Phlox may be over-pessimistic there. J. Jones born 1923 or 1924 in New York City will be translated into a page [[J Jones (c1923-?)]] (or similar, depending on how Phloxbot is told to resolve year-ambiguities) and given a birth decade category and a surname category. People interested in individuals with all or some of those data elements may browse those categories, or search the site, and see apparent near-duplicates probably quite close together. If not, no harm done. If another gedcom has the same vaguely-described person it should go on the same page, as I suggested above (and as I think Brian's program would have done for it). The page may then look a bit ugly until one of the people interested in it (eg, the submitter of one of the gedcoms) looks at it and does the necessary integration (or separation if the individuals are in fact different).
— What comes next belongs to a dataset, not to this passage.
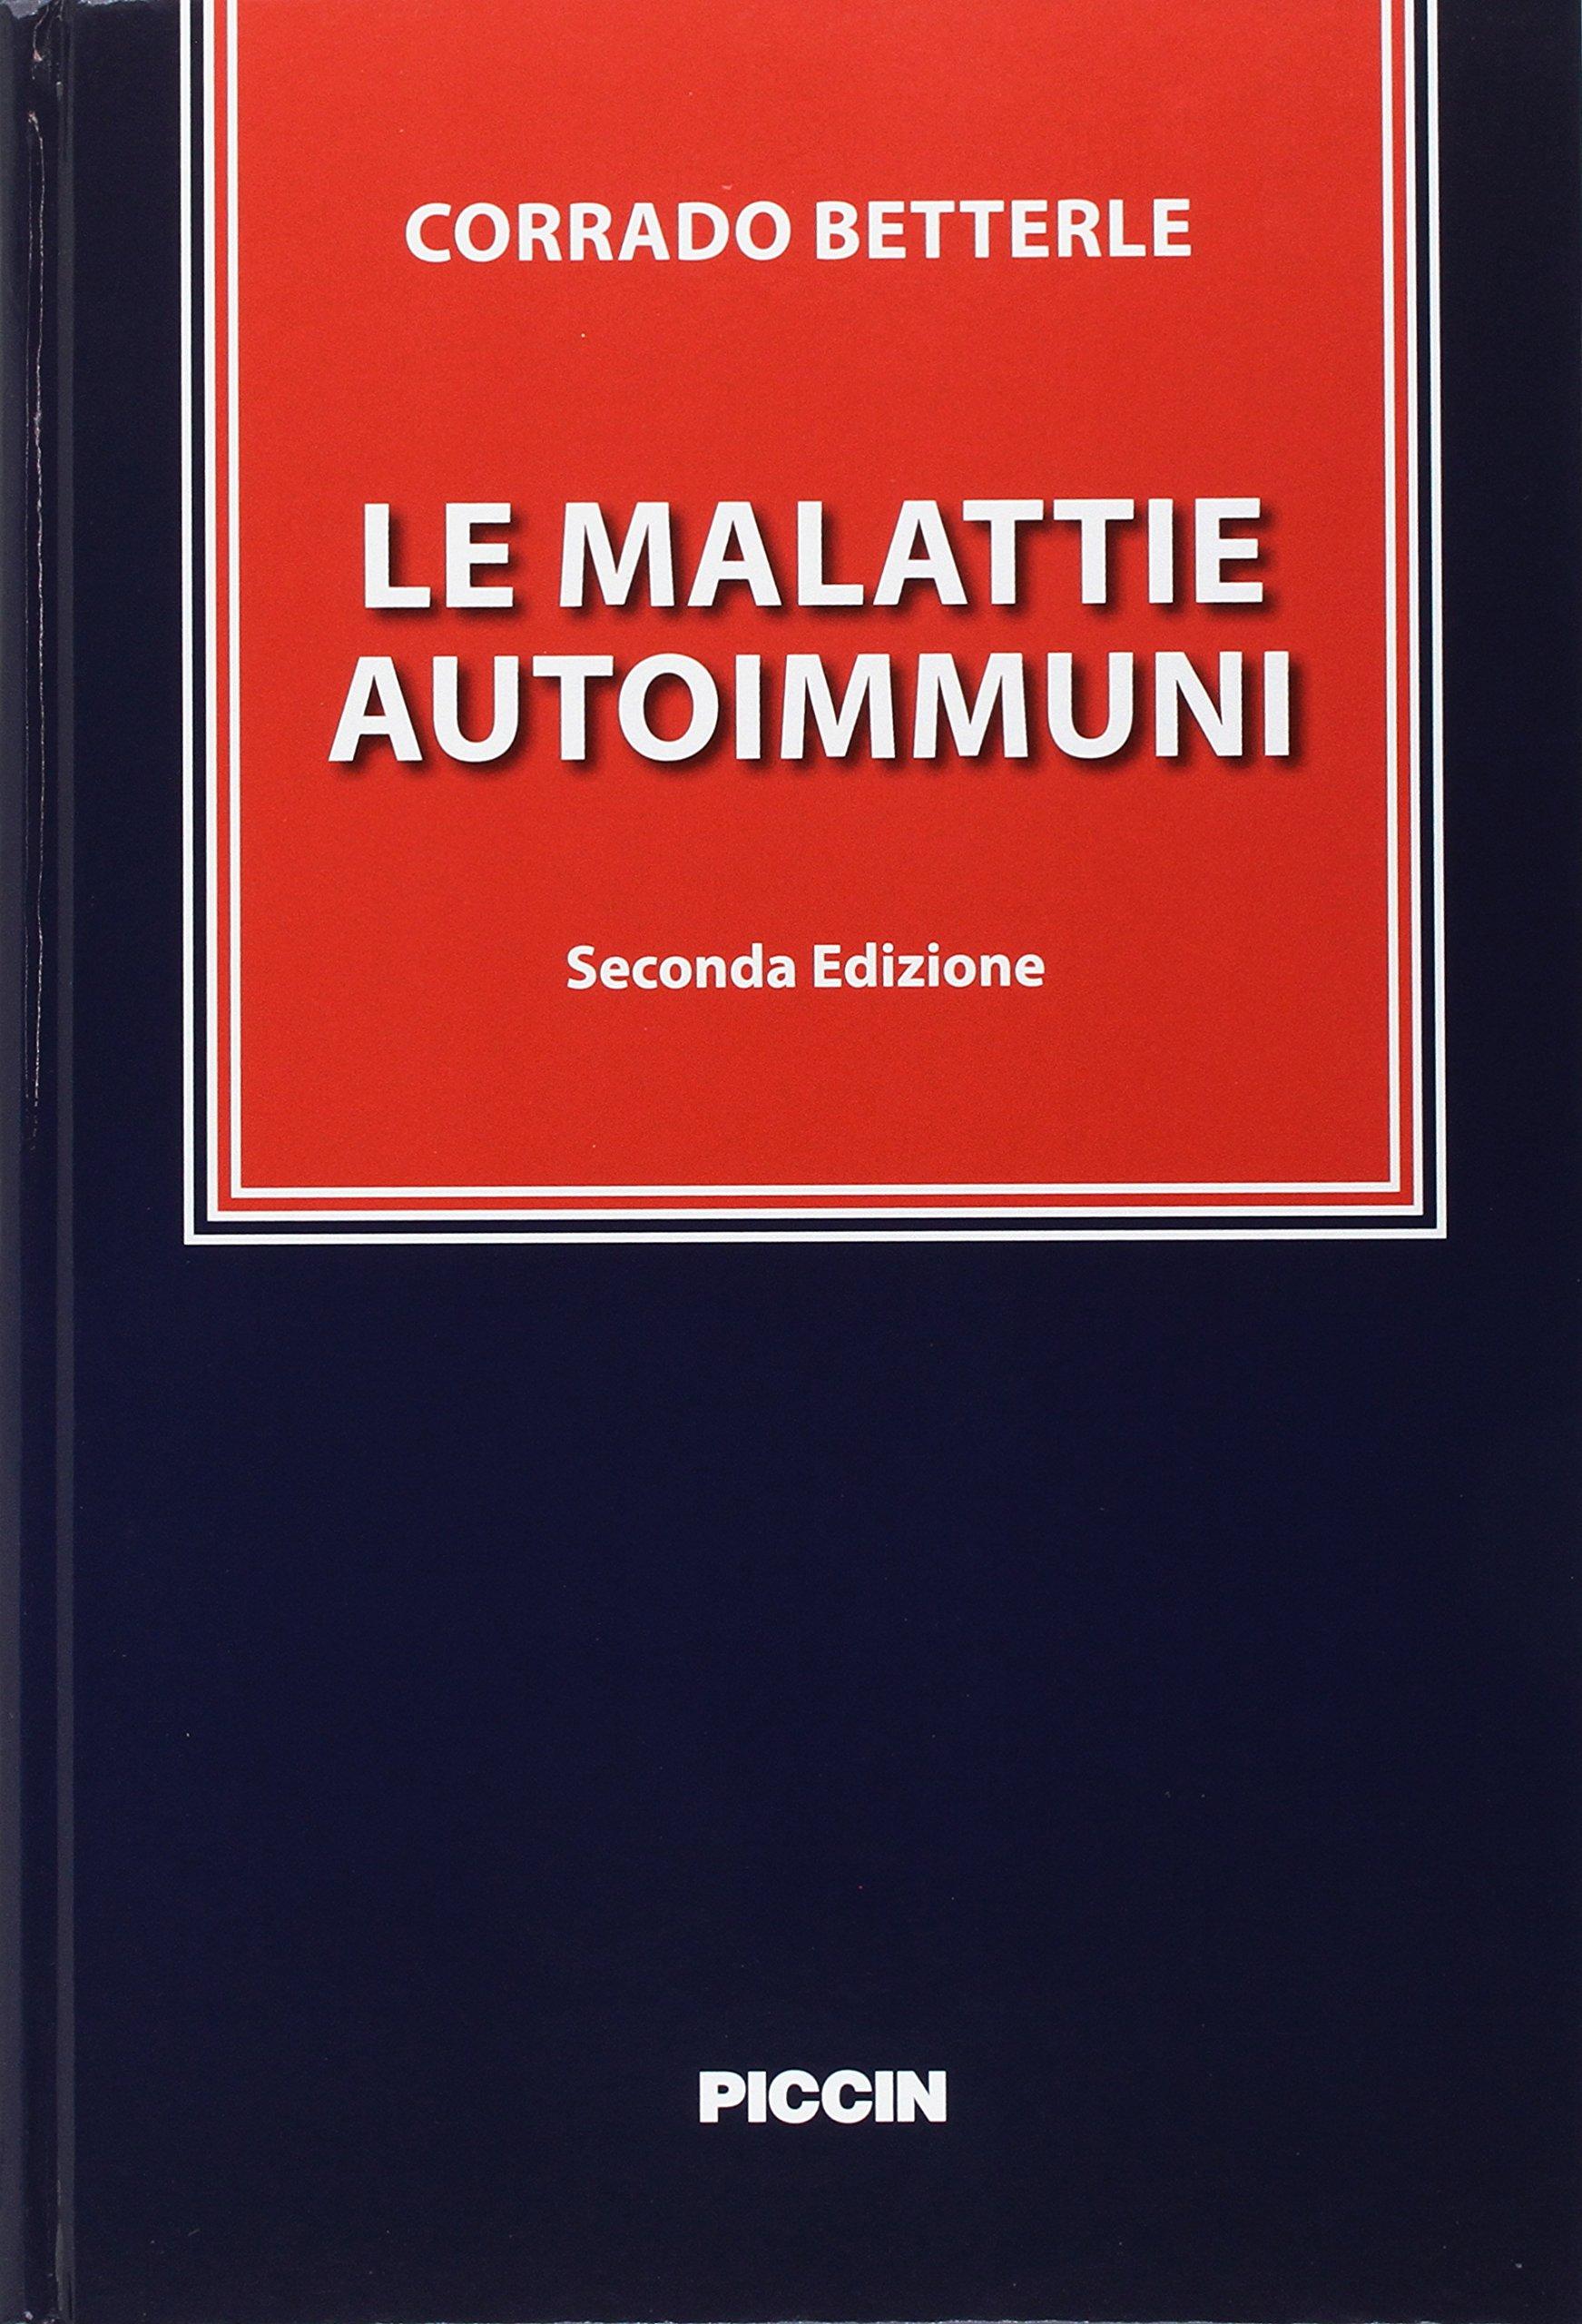 Le malattie autoimmuni: Amazon it: Corrado Betterle: Libri

Robin Patterson 13:45, 9 October 2007 (UTC)

Ok, the proposal is to err on the side of creating a new article, unless the bot is certain that it is a duplicate (eg. identical fully specified birth and death dates, or identical AFN or genealogics Person ID. Then a real genealogist comes along and does whatever is necessary to resolve the collision.

The enormity of resolving such collisions is a little staggering though. You have your 15K gedcom file, and jeez- if this thing became a popular site, we are going to have hundreds of folks with such huge files, and much of it duplicated. So if the record is a complete identical, I don't have to add a duplicate. But think about it. If someone has added any info to J. Jones (c1923-??) and the very same Gedcom data comes in again, I am forced to create yet another J. Jones (c1923-??). How does the bot know if if it is the same J. Jones? I suppose maybe the bot would know if we store the original GEDCOM record for the INDI in a subpage for comparison.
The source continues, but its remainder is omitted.